For more information about best practices for code development using Databricks Repos, see CI/CD techniques with Git and Databricks Repos. This, together with the Databricks REST API, allows building automated deployment processes with GitHub Actions, Azure DevOps pipelines, or Jenkins jobs.
Building and deploying ML models is complex. There are many options available to achieve this, but little in the way of well-defined standards. As a result, over the past few years, we have seen the emergence of machine learning operations (MLOps). MLOps is a set of processes and automation for managing models, data, and code to improve performance stability and long-term efficiency in ML systems. It covers data preparation, exploratory data analysis (EDA), feature engineering, model training, model validation, deployment, and monitoring. See MLOps workflows on Databricks.

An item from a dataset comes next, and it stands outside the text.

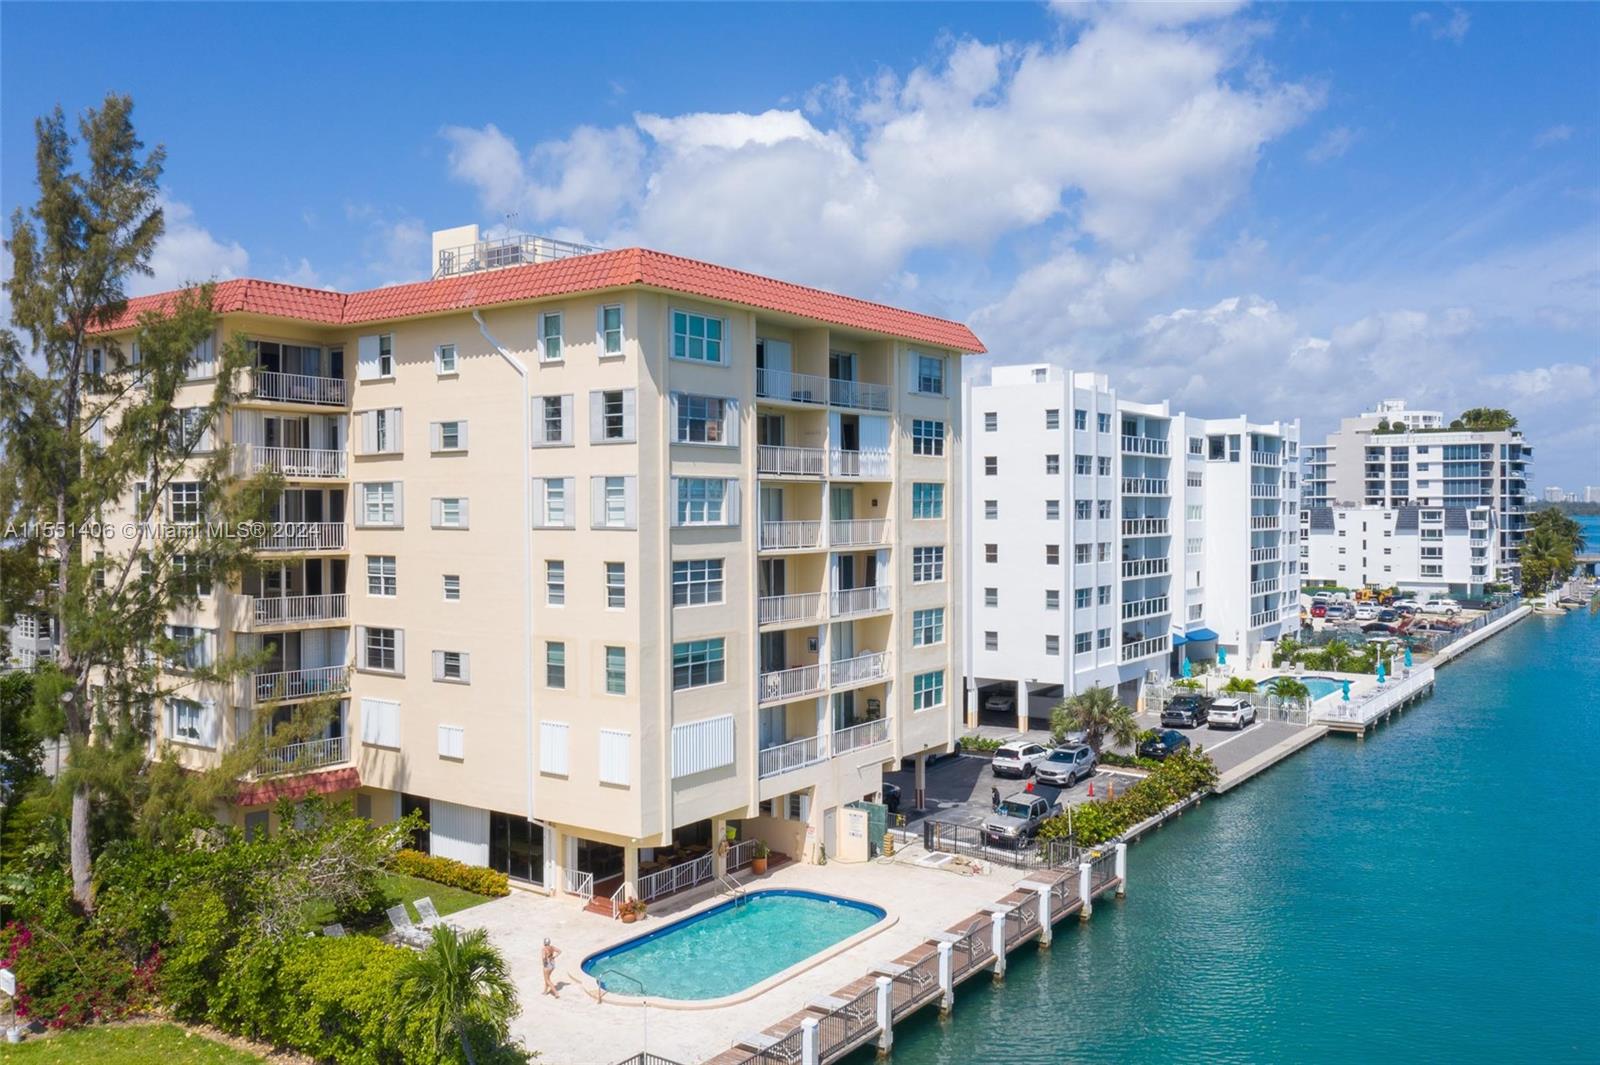 Property for Sale at 9341 E Bay Harbor Dr Ph D, Bay Harbor Islands, Miami-Dade County, Florida - Bedrooms: 2 
Bathrooms: 3  - $680,000

Always keep your business goals in mind: Just as the core purpose of ML in a business is to enable data-driven decisions and products, the core purpose of MLOps is to ensure that those data-driven applications remain stable, are kept up to date and continue to have positive impacts on the business. When prioritizing technical work on MLOps, consider the business impact: Does it enable new business use cases? Does it improve data teams’ productivity? Does it reduce operational costs or risks?
Manage ML models with a specialized but open tool: It is recommended to track and manage ML models with MLflow, which has been designed with the ML model lifecycle in mind. See MLflow guide.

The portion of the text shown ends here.